DATE: Monday, March 17, 1997 TAG: 9703170046 SECTION: LOCAL PAGE: B3 EDITION: FINAL SOURCE: BY MARIE JOYCE, STAFF WRITER LENGTH: 41 lines
A Jewish scholar who is an expert in international law says precedents favor Israel's claim to all of Jerusalem.
Harry Reicher made his points at a small gathering Sunday at Old Dominion University, part of the B'nai Israel Scholar-in-Residence Weekend, a three-day series of lectures and other events.
Control of Jerusalem, always a contentious issue, is particularly volatile these days.

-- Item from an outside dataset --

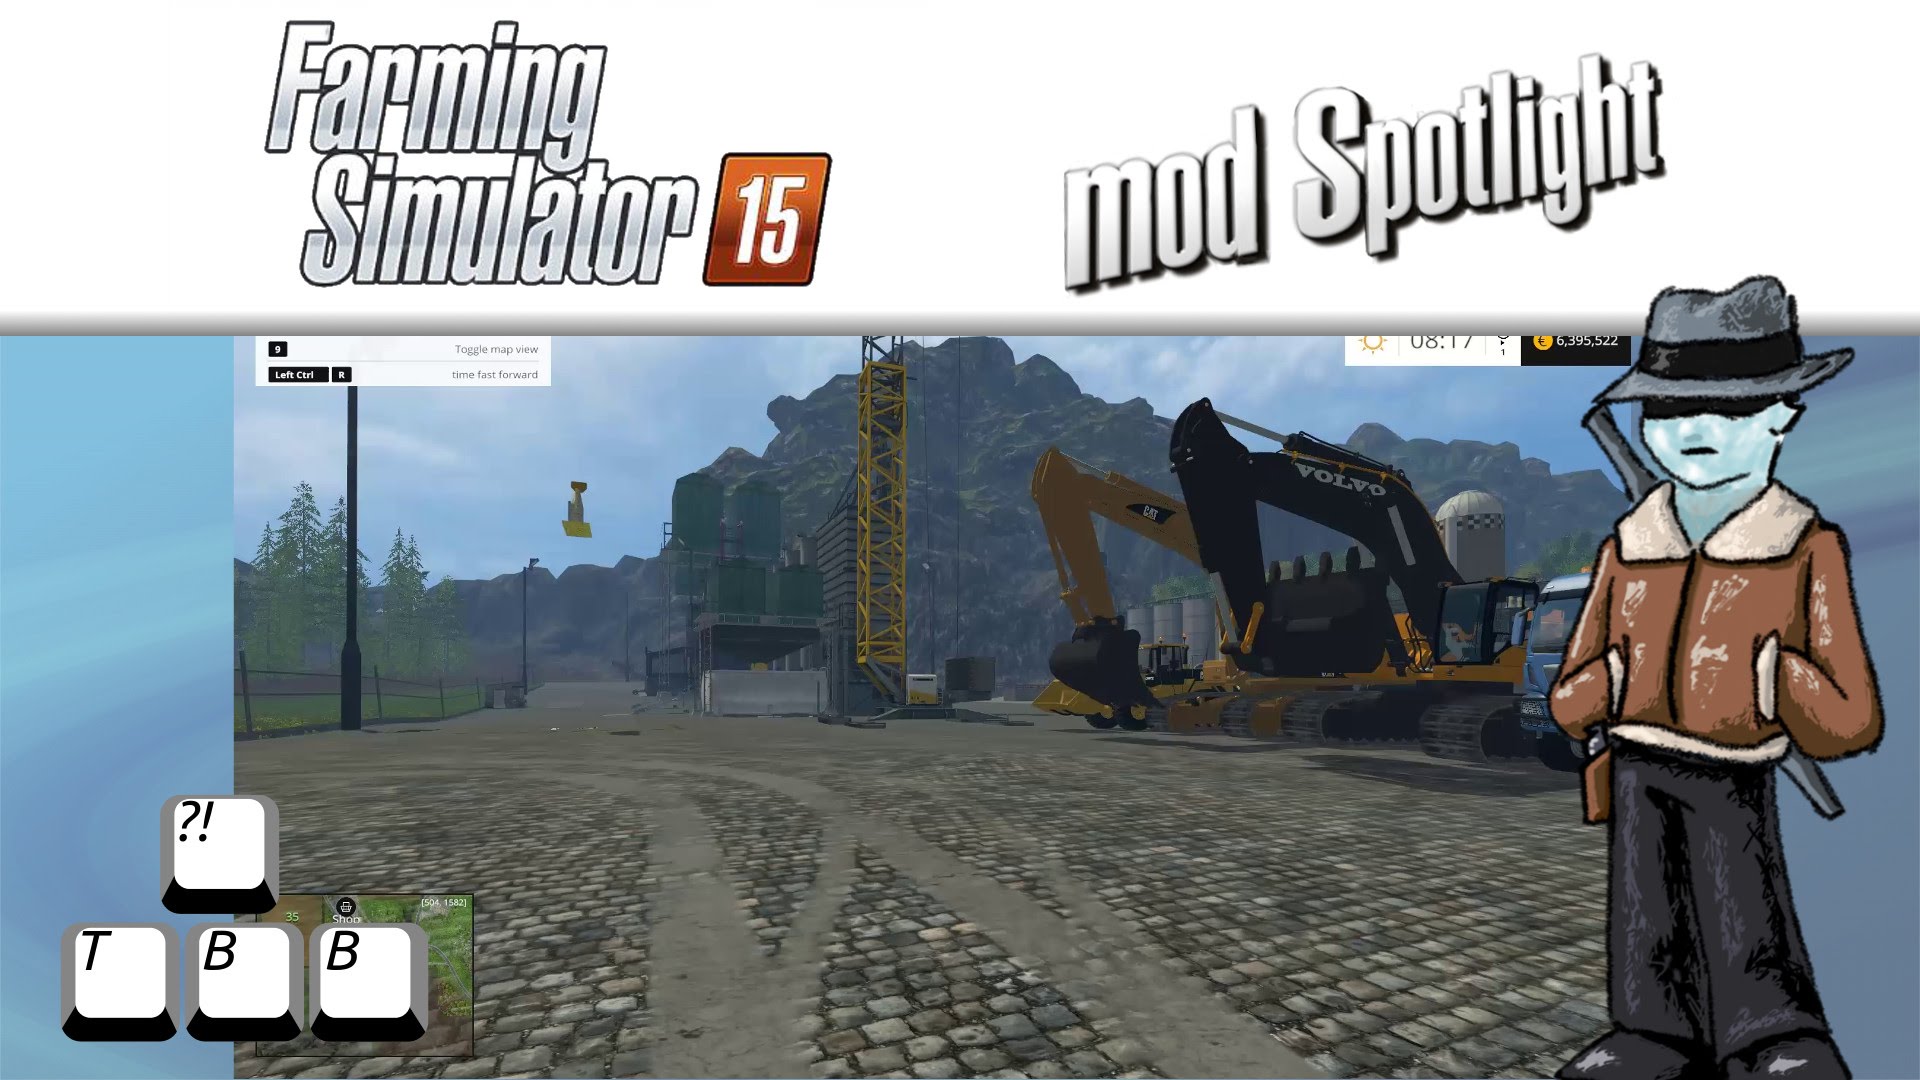 Farming Simulator 15 Mod Spotlight - Going Mining! - YouTube

Israel's government decided earlier this month to build housing for Jews on land in east Jerusalem. Palestinian leaders hope to establish their capital in east Jerusalem. They have said that Israel's leaders may end the peace process if they go ahead with the project.
Reicher traced the complex international legal history of the area from the end of World War I to the present.

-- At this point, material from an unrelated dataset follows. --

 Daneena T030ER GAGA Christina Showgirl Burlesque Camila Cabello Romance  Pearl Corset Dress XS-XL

A basic principal of international law, said Reicher, holds that an aggressor should not be rewarded, so an attacking state should not be allowed to keep territory gained in a war.
However, it is acceptable for the state which is defending itself to gain land in a war, since this punishes the aggressor and may discourage further attacks.

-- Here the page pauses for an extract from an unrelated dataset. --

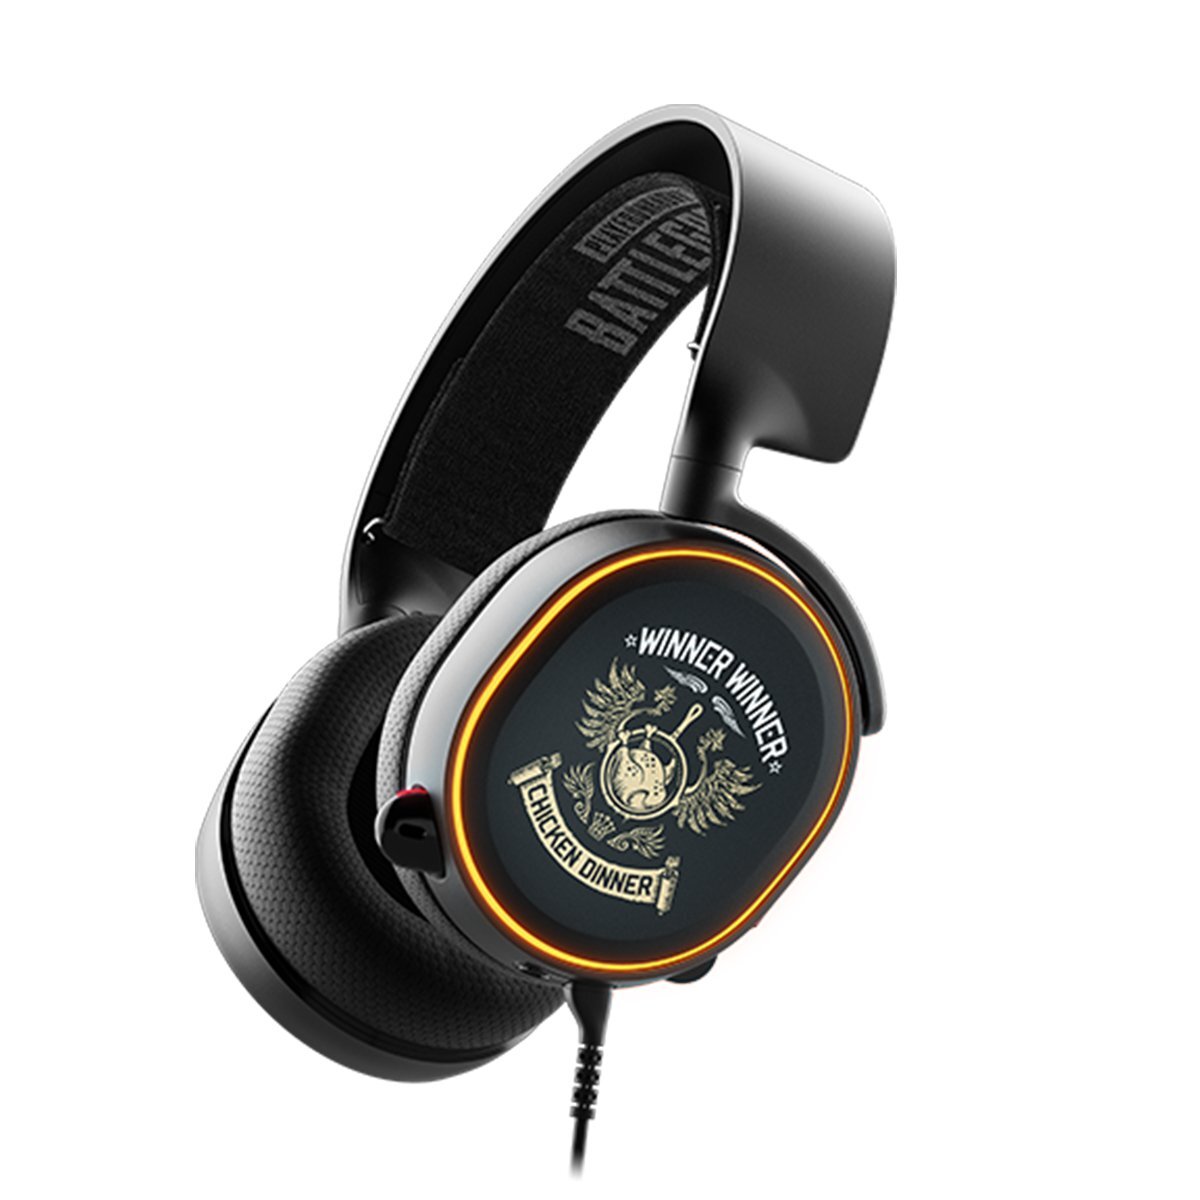 Tai nghe - Headphone Steelseries Arctis 5 PUBG Edition

For this reason, among others, Israel has a valid claim to Jerusalem, Reicher said.
The city was under international control until 1948, when Jordan seized half of Jerusalem. Israel gained control of the whole city in the Six-Day War of 1967, which erupted after a long build-up of tensions between the nation and Mideast neighbors.
However, Reicher said, legal theories must be tempered with political realities. Israeli and Palestinian officials had agreed to talk further about the future of Jerusalem, but recent disagreements have slowed progress.
Reicher lives in New York and teaches at the University of Pennsylvania. Before coming to the United States, he lived in Australia, where he was involved in several prominent cases. He argued the first court case in that country in which an injunction was granted to prevent an autopsy on a Jew.